Accenture is considered a market leader, with over 60 per cent of revenue from digital services. It reported an outsourcing book to bill ratio of 0.96 in the quarter, as against 1.08 in the preceding one. The company follows a September-August financial year. This relatively weaker order booking, especially from the IT outsourcing segment, was majorly on account of demand softness in BFSI (banking, financial services, insurance) in Europe, apart from the manufacturing vertical. Accenture derives close to 70 per cent of its revenue from IT outsourcing; the ‘consulting’ business accounts for the rest.

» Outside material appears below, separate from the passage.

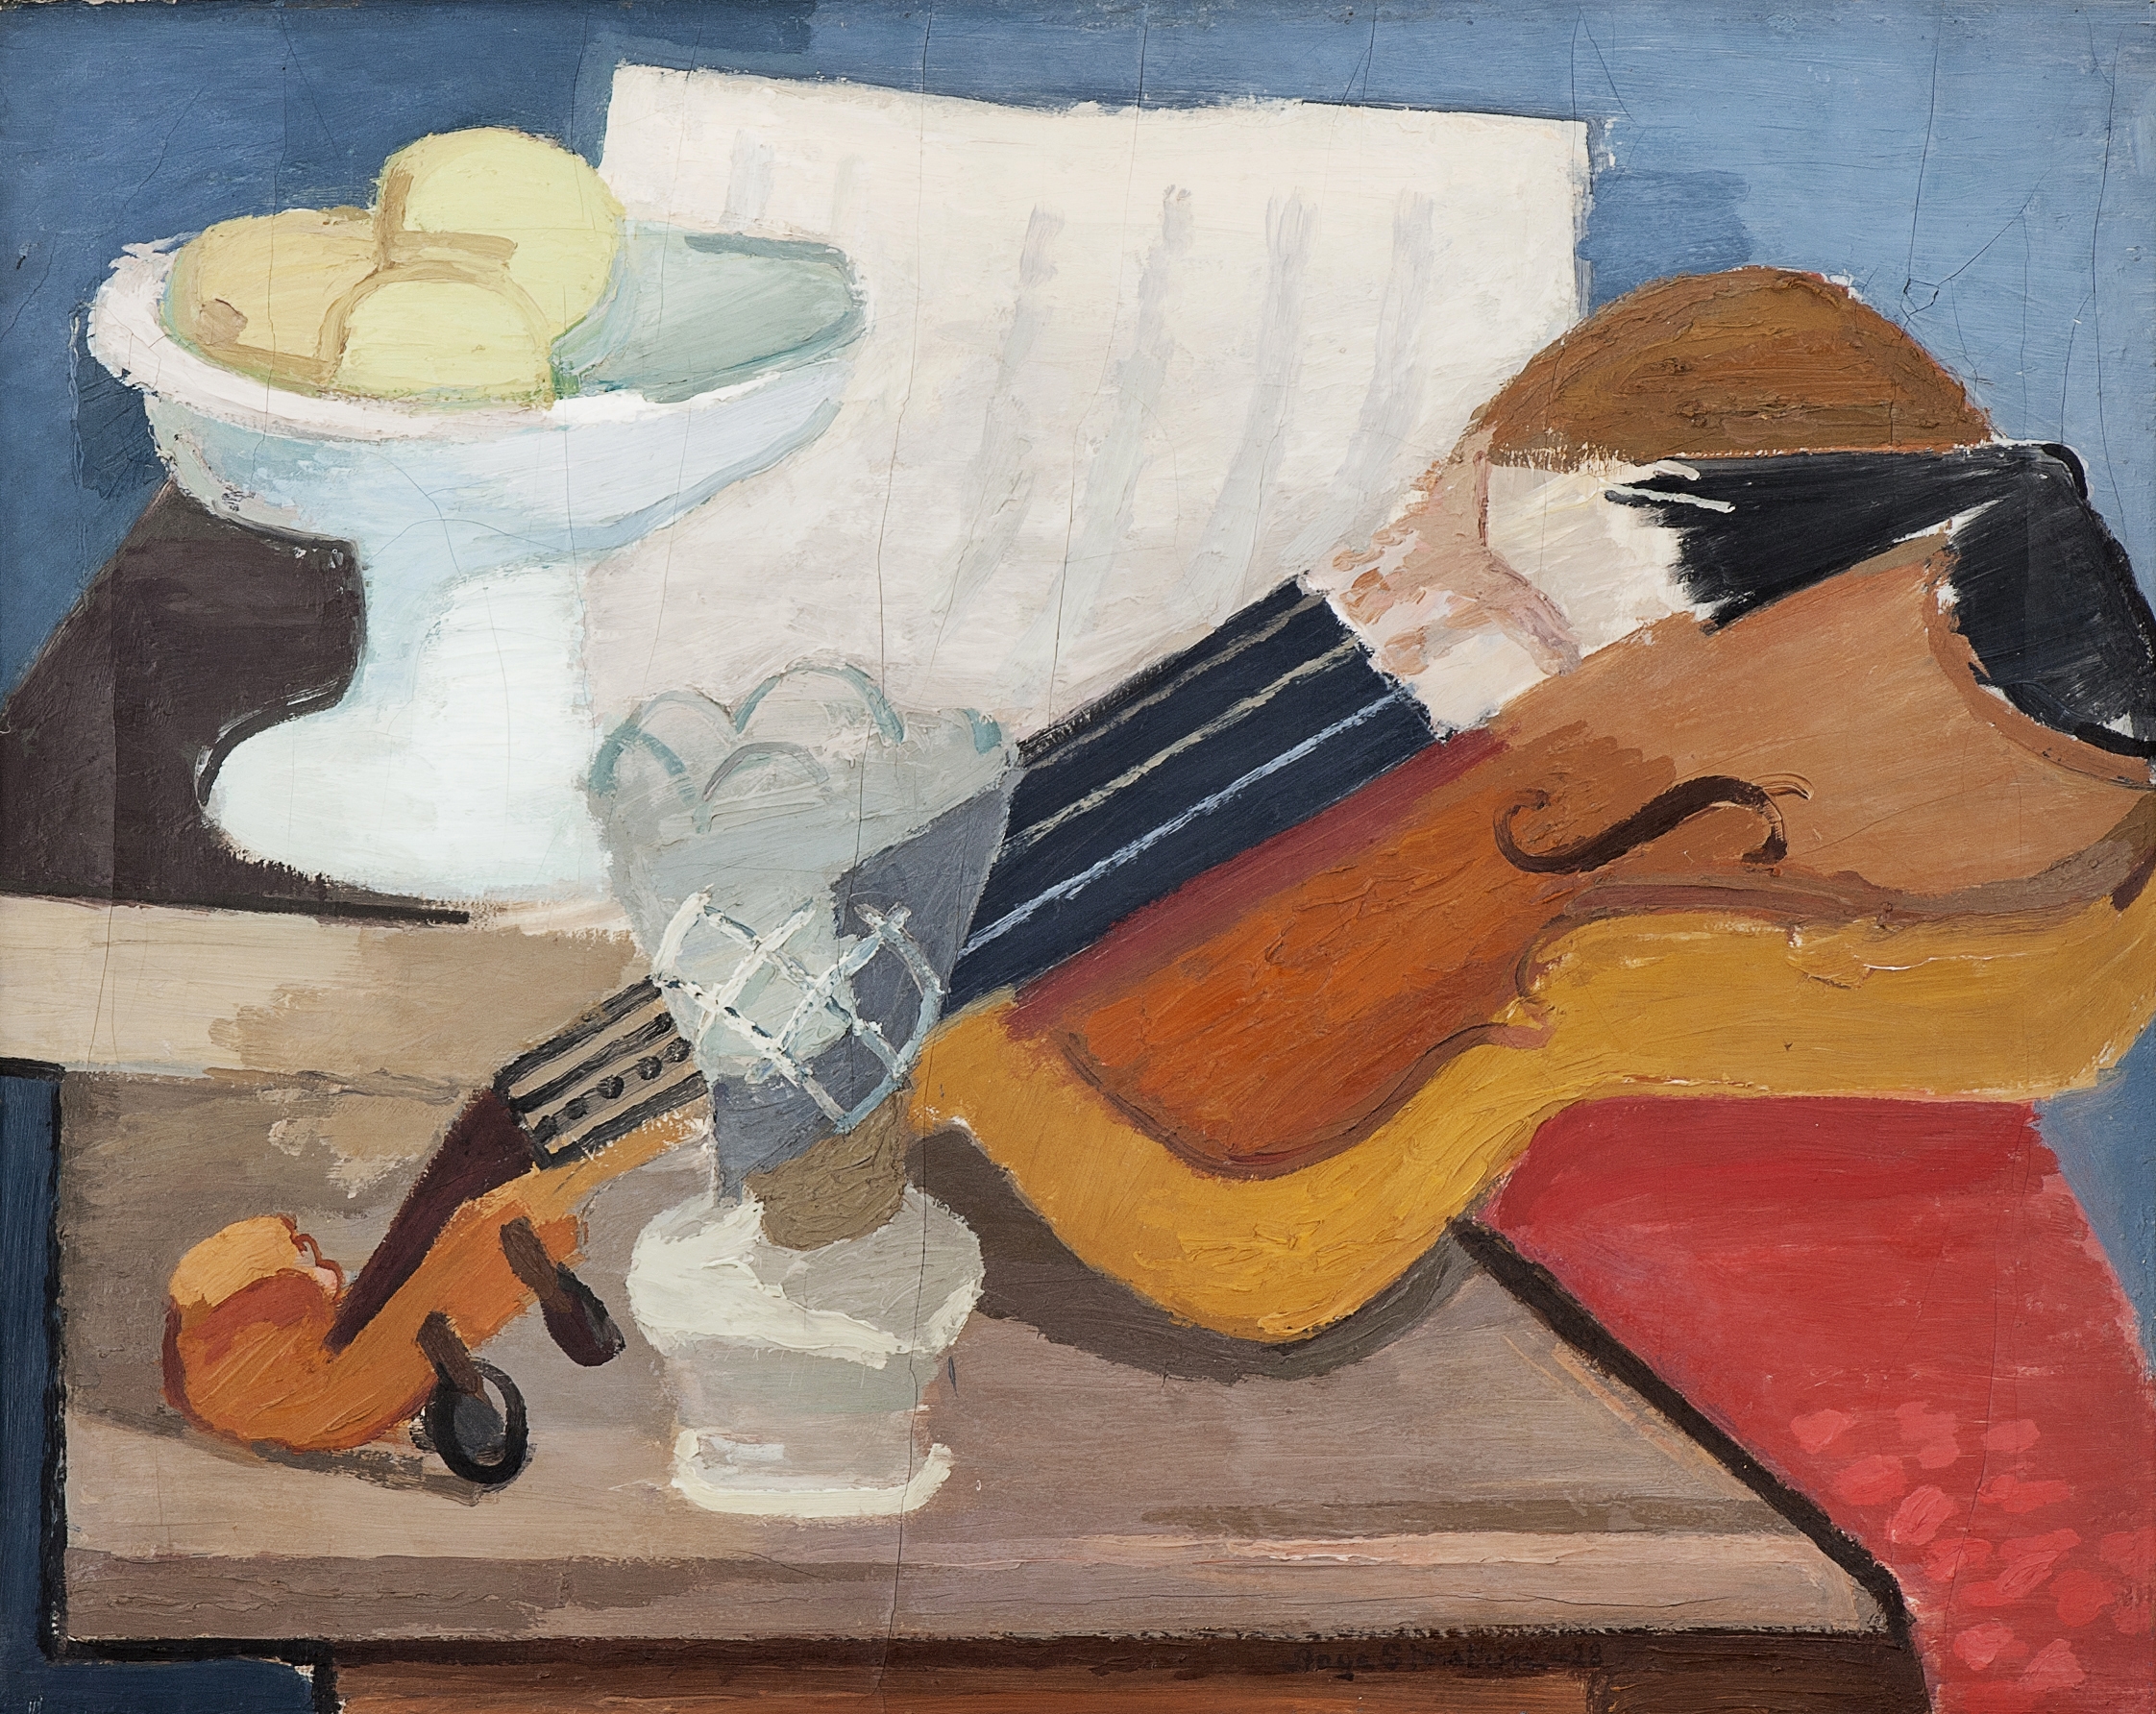 Still Life with a Violin by Aage Storstein, 1928

“The slower pace of order booking (at Accenture) indicates the total pie is not growing in the outsourcing deal space. Overall, weakness in BFSI, manufacturing and telecom could have some impact on the deal momentum,” said Pareekh Jain, an outsourcing advisor.
According to brokerage Prabhudas Lilladher, growth in technology spending atn BFSI clients in the US and Europe may be muted in 2019-20. This would be due to trade war concerns, uncertainty in central bank policy and Brexit-related developments.
“Accenture bookings and ISG contracting data also indicated weakness in deals,” the report stated.
Some are optimistic that top-tier domestic IT firms will stick to their earlier revenue forecasts for the year. “Pockets of weak BFSI may drive marginal but not meaningful deceleration for Indian IT players. However, it is margins that pose a risk to earnings growth this fiscal and the first quarter of FY20 may reflect some moderation in this regard,” Motilal Oswal said in a research note. For this financial year, market leader Tata Consultancy Services (TCS) is confident of double-digit revenue growth. Infosys has said it expects one of 7.5-9.5 per cent and HCL Technologies of 14-16 per cent.
“Even as the demand environment is reasonable for offshore pure-plays (IT services firms), we expect rough edges to performance of companies with volatile financial services and uncertain manufacturing, especially for those that have high exposure to the automobile segment,” Kotak Institutional Equities said in a note.
“Though broader demand is still reasonable, a slowing market is also a reality.”